The debate centred around the exciting part that social enterprises could play in regeneration and provision of public services if only central and local government would let it – Matthew went so far as to say that old ways of providing regeneration could never work again, a theme that Bob Kerslake has been pushing since the inception of the HCA, so that social enterprises were the obvious way forward.

The principle theme seemed to be that if only commissioning authorities would properly value social benefit rather than simply assessing the cash cost of provision (the private sector = no social benefit but cheaper, whereas social sector = social benefit but more expensive) then social enterprise could clearly be seen to outperform private sector.

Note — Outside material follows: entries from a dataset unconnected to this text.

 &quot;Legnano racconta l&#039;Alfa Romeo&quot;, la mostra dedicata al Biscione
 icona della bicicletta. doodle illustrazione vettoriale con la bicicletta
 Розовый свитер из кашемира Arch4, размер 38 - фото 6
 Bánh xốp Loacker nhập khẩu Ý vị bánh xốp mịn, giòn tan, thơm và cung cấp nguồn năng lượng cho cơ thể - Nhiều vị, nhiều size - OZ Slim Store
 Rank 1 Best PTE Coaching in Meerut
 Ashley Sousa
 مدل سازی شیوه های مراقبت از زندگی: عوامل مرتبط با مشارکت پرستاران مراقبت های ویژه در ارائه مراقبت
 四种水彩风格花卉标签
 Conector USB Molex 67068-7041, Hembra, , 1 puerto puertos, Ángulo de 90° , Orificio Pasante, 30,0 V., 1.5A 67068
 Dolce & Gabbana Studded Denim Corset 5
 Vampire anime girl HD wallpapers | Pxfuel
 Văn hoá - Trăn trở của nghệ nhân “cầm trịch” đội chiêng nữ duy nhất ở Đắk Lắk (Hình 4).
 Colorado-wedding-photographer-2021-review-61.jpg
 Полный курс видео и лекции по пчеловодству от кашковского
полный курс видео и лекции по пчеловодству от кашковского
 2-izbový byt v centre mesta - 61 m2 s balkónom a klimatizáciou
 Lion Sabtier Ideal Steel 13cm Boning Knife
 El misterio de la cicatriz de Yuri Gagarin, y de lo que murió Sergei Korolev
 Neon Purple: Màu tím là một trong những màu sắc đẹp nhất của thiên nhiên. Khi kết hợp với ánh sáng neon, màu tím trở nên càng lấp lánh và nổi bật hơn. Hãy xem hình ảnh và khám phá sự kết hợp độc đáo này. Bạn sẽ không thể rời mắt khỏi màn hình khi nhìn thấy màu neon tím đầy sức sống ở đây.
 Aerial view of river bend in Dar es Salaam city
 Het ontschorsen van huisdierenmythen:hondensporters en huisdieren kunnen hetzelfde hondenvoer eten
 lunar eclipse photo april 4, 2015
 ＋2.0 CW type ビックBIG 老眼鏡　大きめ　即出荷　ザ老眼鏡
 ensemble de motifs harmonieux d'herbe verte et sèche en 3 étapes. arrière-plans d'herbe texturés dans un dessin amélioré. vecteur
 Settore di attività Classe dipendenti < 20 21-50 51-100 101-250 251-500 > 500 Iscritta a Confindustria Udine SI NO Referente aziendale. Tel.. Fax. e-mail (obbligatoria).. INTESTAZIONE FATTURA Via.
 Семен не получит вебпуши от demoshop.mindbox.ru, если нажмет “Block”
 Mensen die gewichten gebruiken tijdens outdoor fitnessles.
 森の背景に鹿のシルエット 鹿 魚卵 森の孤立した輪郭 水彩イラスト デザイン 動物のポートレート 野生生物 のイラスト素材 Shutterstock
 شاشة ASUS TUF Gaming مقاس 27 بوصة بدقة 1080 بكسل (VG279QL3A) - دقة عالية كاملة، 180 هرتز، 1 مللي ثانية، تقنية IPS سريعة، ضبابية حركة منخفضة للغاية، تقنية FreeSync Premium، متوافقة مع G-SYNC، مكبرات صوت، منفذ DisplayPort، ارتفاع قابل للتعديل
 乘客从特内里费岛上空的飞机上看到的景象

It seems to me that the challenge for the social enterprise sector is threefold. Firstly can they persuade commissioning authorities that they are the most attractive option compared to private sector solutions? This requires the social sector to really major on the high value that should be placed on social benefits arising from retaining surpluses in the community and equally pointing out the potentially high cost to the community of employing private sector contractors who have no long term interest in the community (this includes most of the house builders involved in urban regeneration although not it would seem organisations such as Laing – see Long Term Regeneration or Short Term Puff). This will require greater emphasis on the concept and some simple but effective measurement of Social Return On Investment. It will also require the social sector to lobby the public sector to make sure they ask for social benefit in tender documents – it is an obvious truth that you get what you ask for and PFI, particularly the early examples, provide glaring evidence that inadequate tender documents result in inadequate delivered projects.

Secondly, can they persuade politicians, for whom a principle consideration will always be “will I get elected next time”, to take a longer term perspective and offer proper community leadership? This will always be problematic with regeneration projects, where the politicians represent the existing community and not the community who will move into the regeneration project! It is however absolutely essential a project has support from strong political leadership.

Thirdly can they persuade officers acting for commissioning authorities to trust them? Commissioning authorities at least know who the private sector companies are, although in the current economic climate perhaps more thought should be given to whether those companies will actually survive. A new or newish social enterprise perhaps with restricted financial backing represents an untested risk and of course that is what must be avoided at all costs by the public sector. Neil Homer from LDA gave a good example of this – they are proposing an eco-town community company to run all of the services in the new eco-town but the County Highways officer wants a £10m performance bond in case the company fails – he wouldn’t dream of asking Arriva or Stagecoach for such a bond, because he “trusts” them!

There would seem to be huge possibilities for the social enterprise sector but there is a lot of work to do and it is naive to think that old procurement methods will somehow never reappear because they don’t work in the current climate – everything changes and memories are short.